◆ ACTIVITY:
An exact copy of all the data below is needed, without its pictures.

◆ RECORDED DATA:
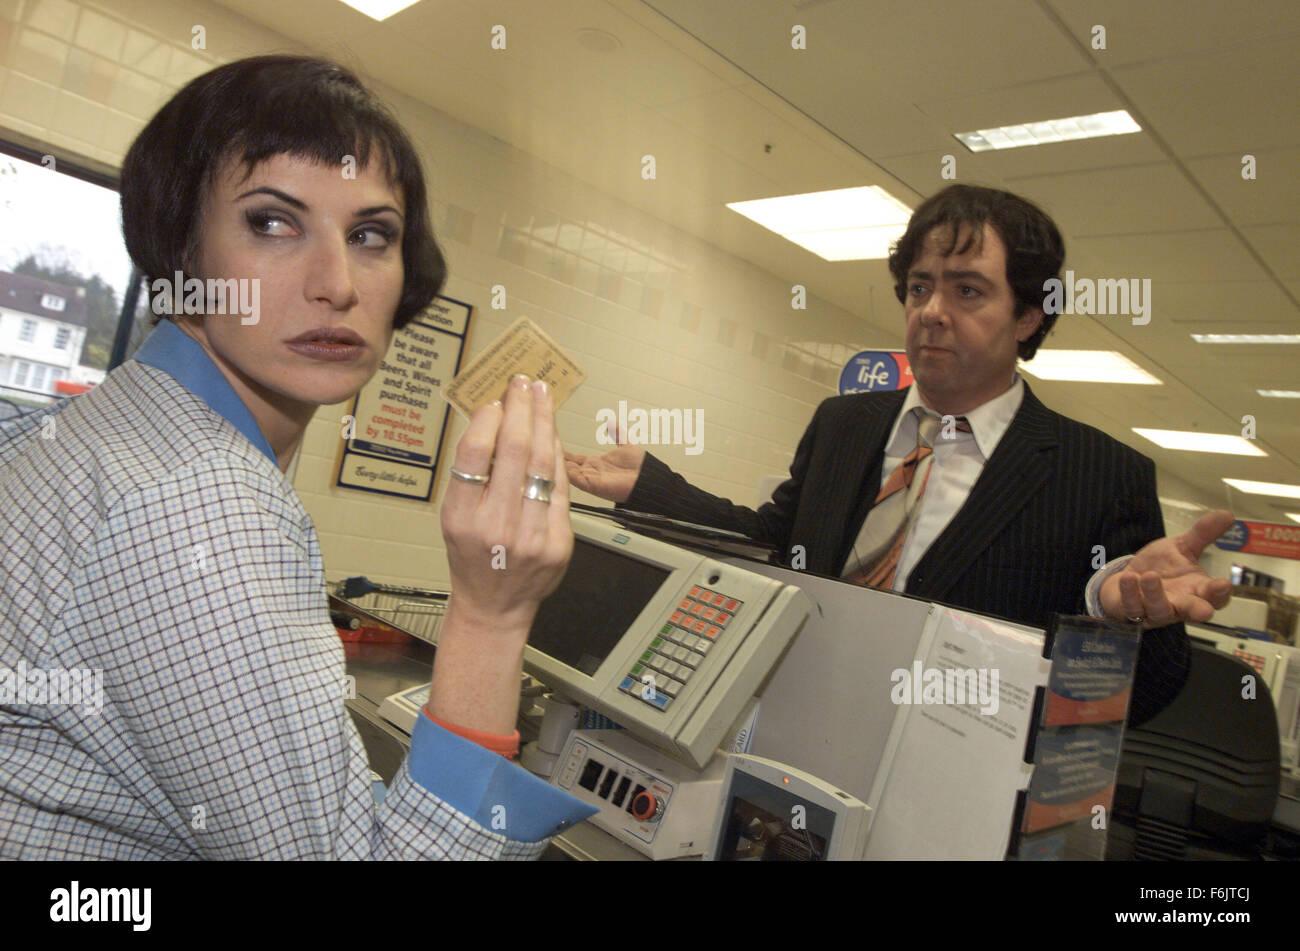 RELEASE DATE: October 22, 2004. MOVIE TITLE: Stella Street. STUDIO: Columbia TriStar. PLOT: A satirical glimpse Stock Photo
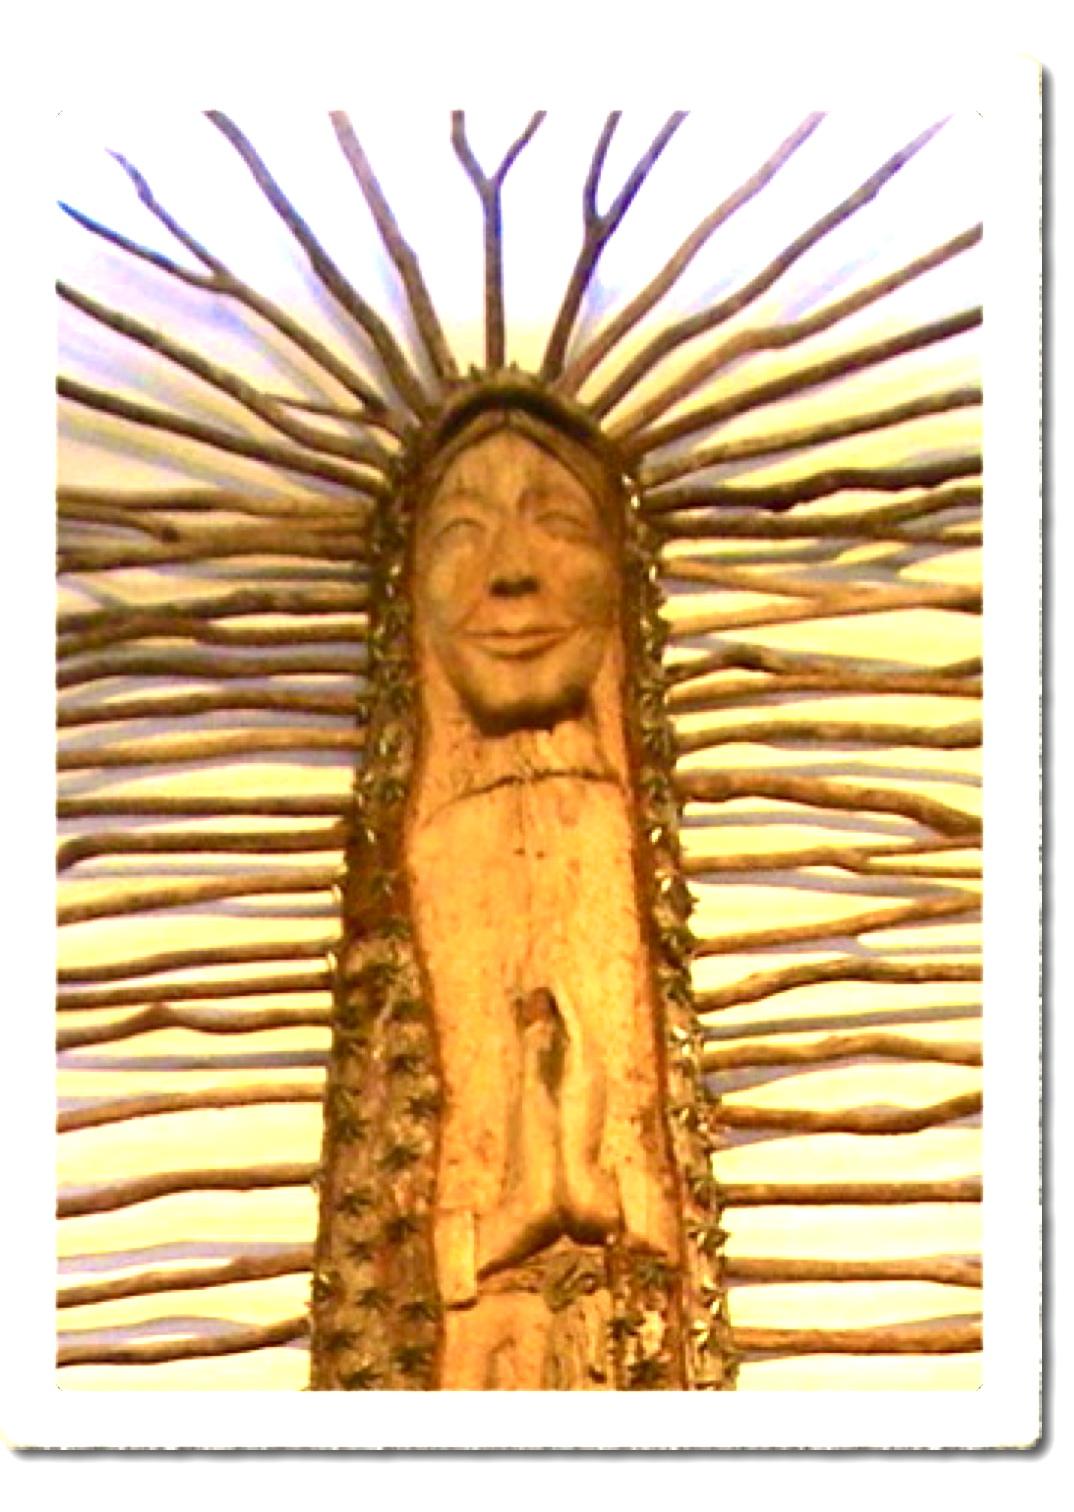 http://4.bp.blogspot.com/-8i6pz4iD0IU/TZToMol-X6I/AAAAAAAAA-w/fihBoC0xfi8/s1600/tree+goddess.jpeg
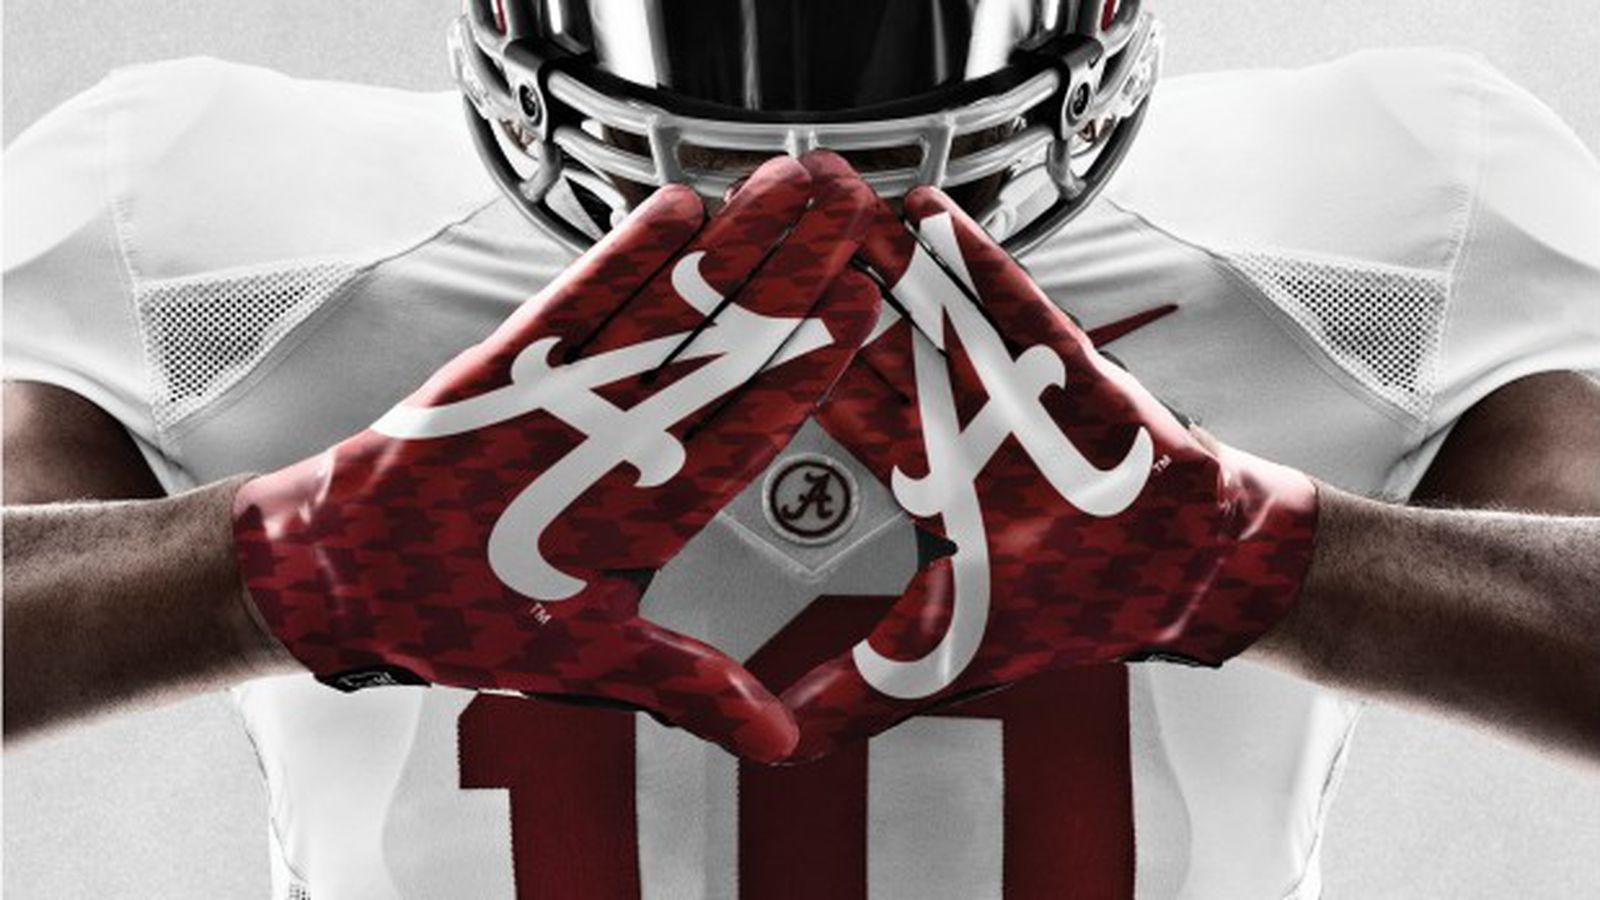 Alabama S 2013 Bcs National Championship Uniforms Are
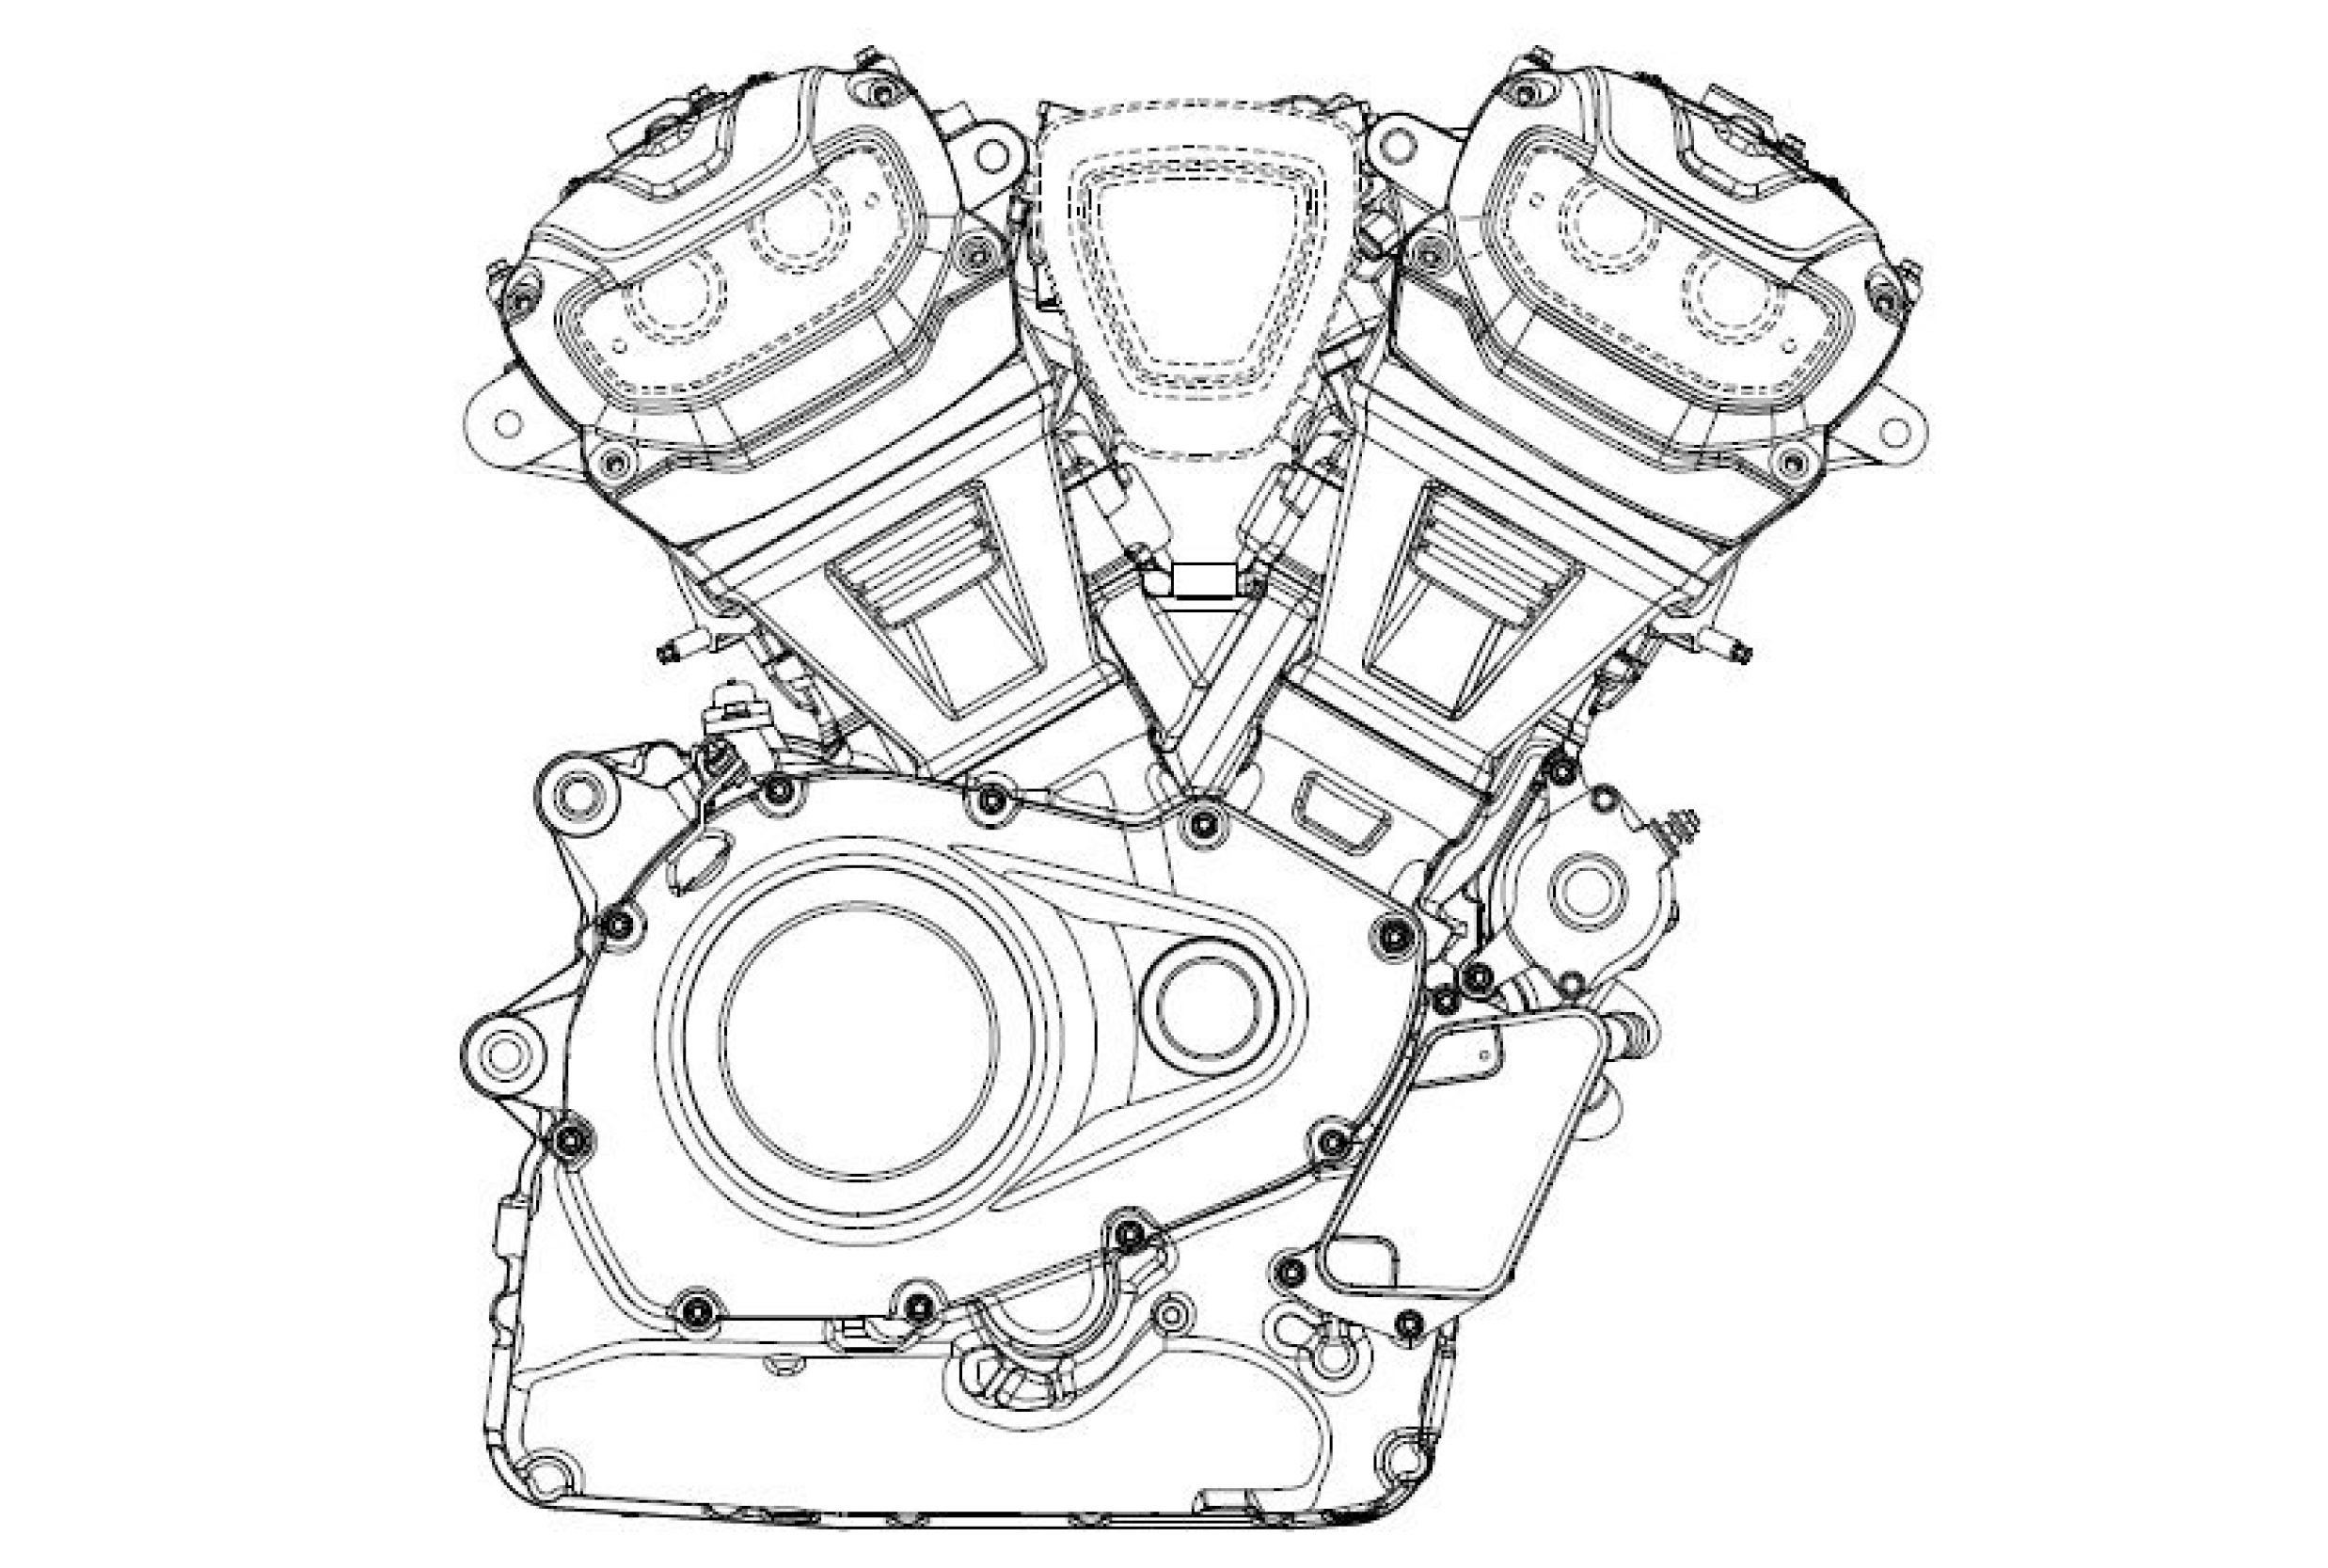 Harley engine filing

◆ RESULT OF THE TASK:
 RELEASE DATE: October 22, 2004. MOVIE TITLE: Stella Street. STUDIO: Columbia TriStar. PLOT: A satirical glimpse Stock Photo
 http://4.bp.blogspot.com/-8i6pz4iD0IU/TZToMol-X6I/AAAAAAAAA-w/fihBoC0xfi8/s1600/tree+goddess.jpeg
 Alabama S 2013 Bcs National Championship Uniforms Are
 Harley engine filing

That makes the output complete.